**INFORMATION SUPPLIED**
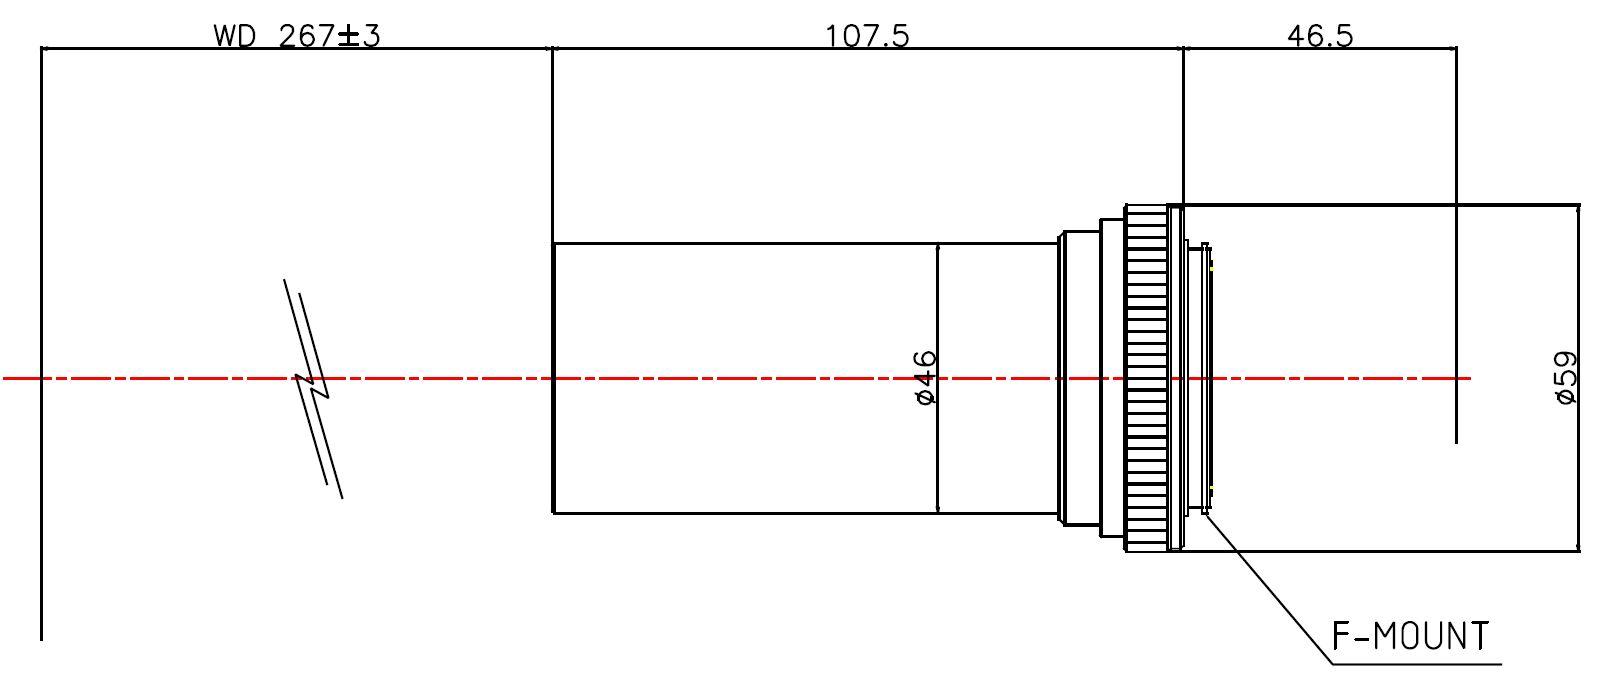 Lensagon MF8M-0247-267
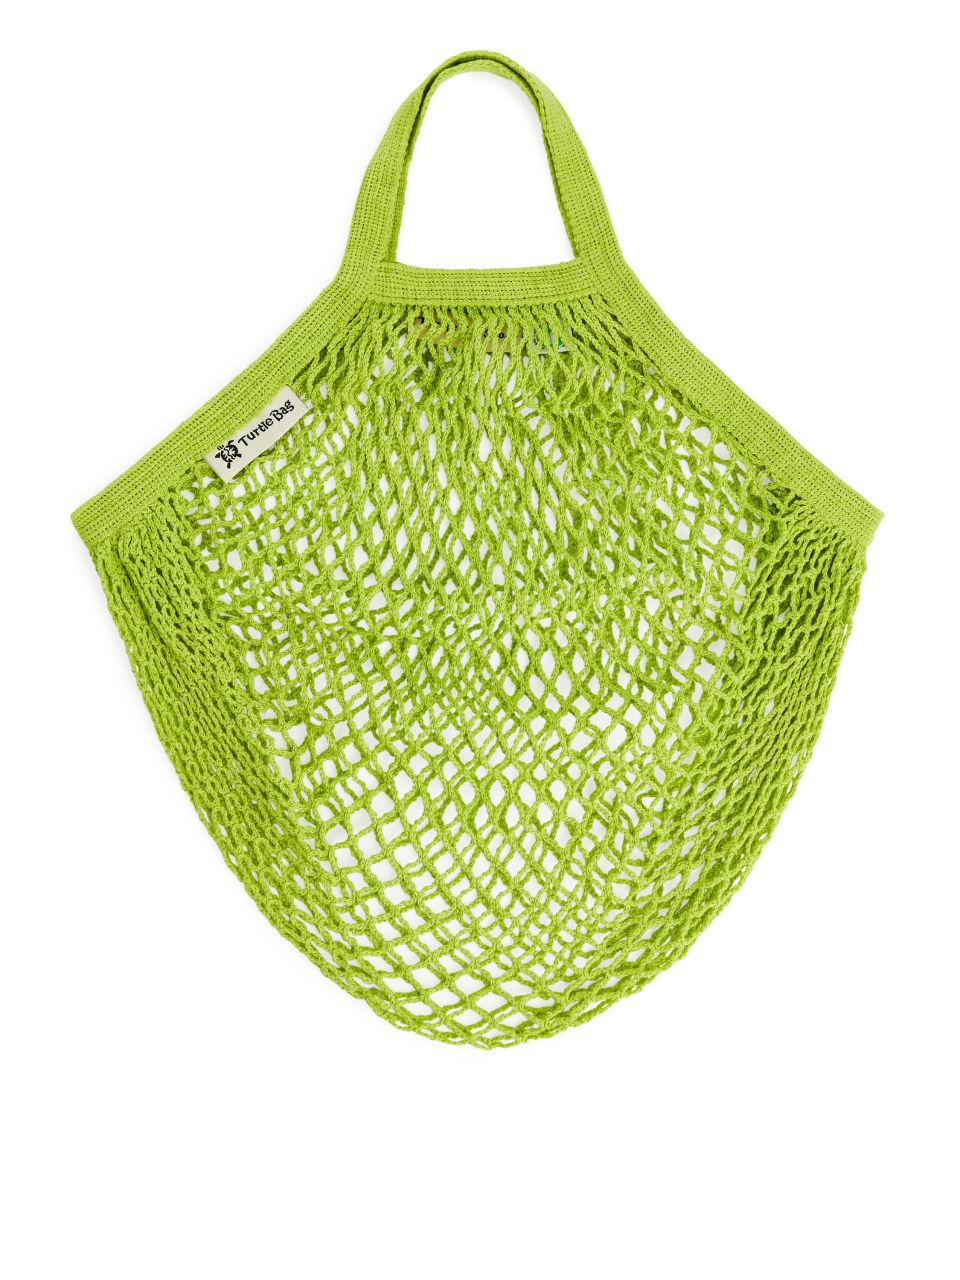 Turtle Bags String Bag - Green
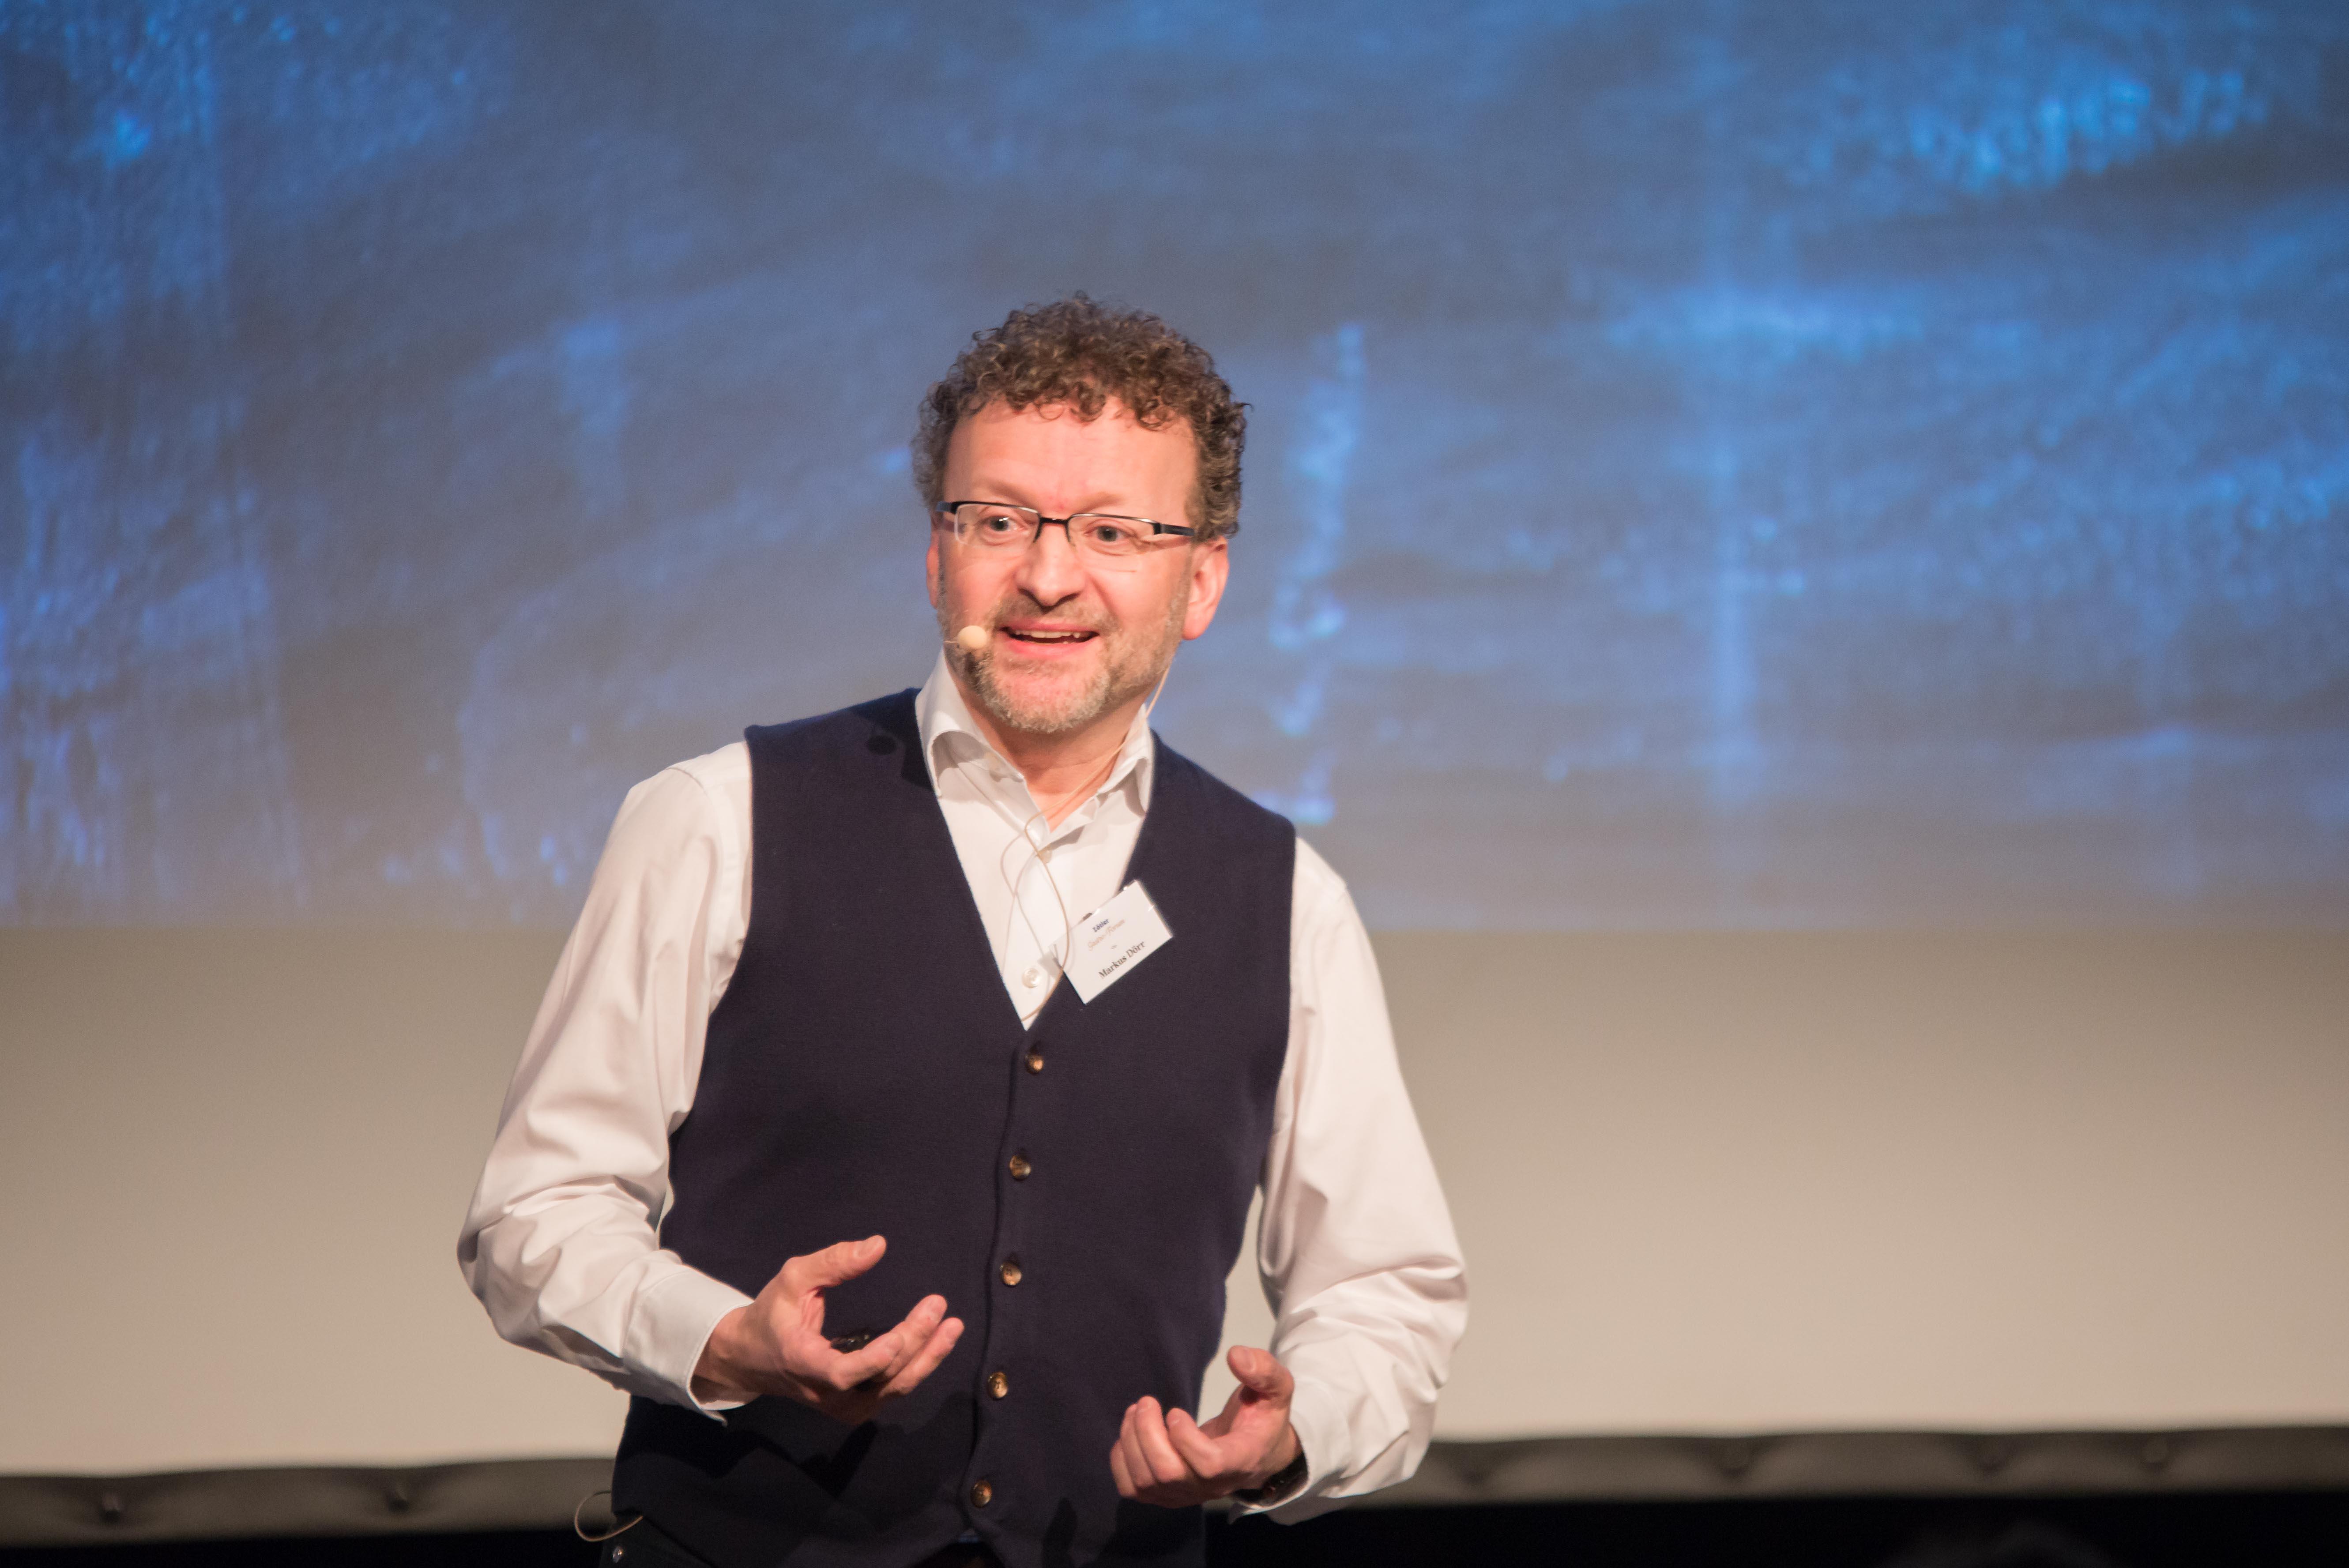 Expert Marketplace - Dipl. Psychologe Markus Dörr - Impressionen eins

**ASSIGNMENT**
Omitting the pictures, write out the material above exactly as it stands.

**FINISHED EXERCISE**
 Lensagon MF8M-0247-267
 Turtle Bags String Bag - Green
 Expert Marketplace - Dipl. Psychologe Markus Dörr - Impressionen eins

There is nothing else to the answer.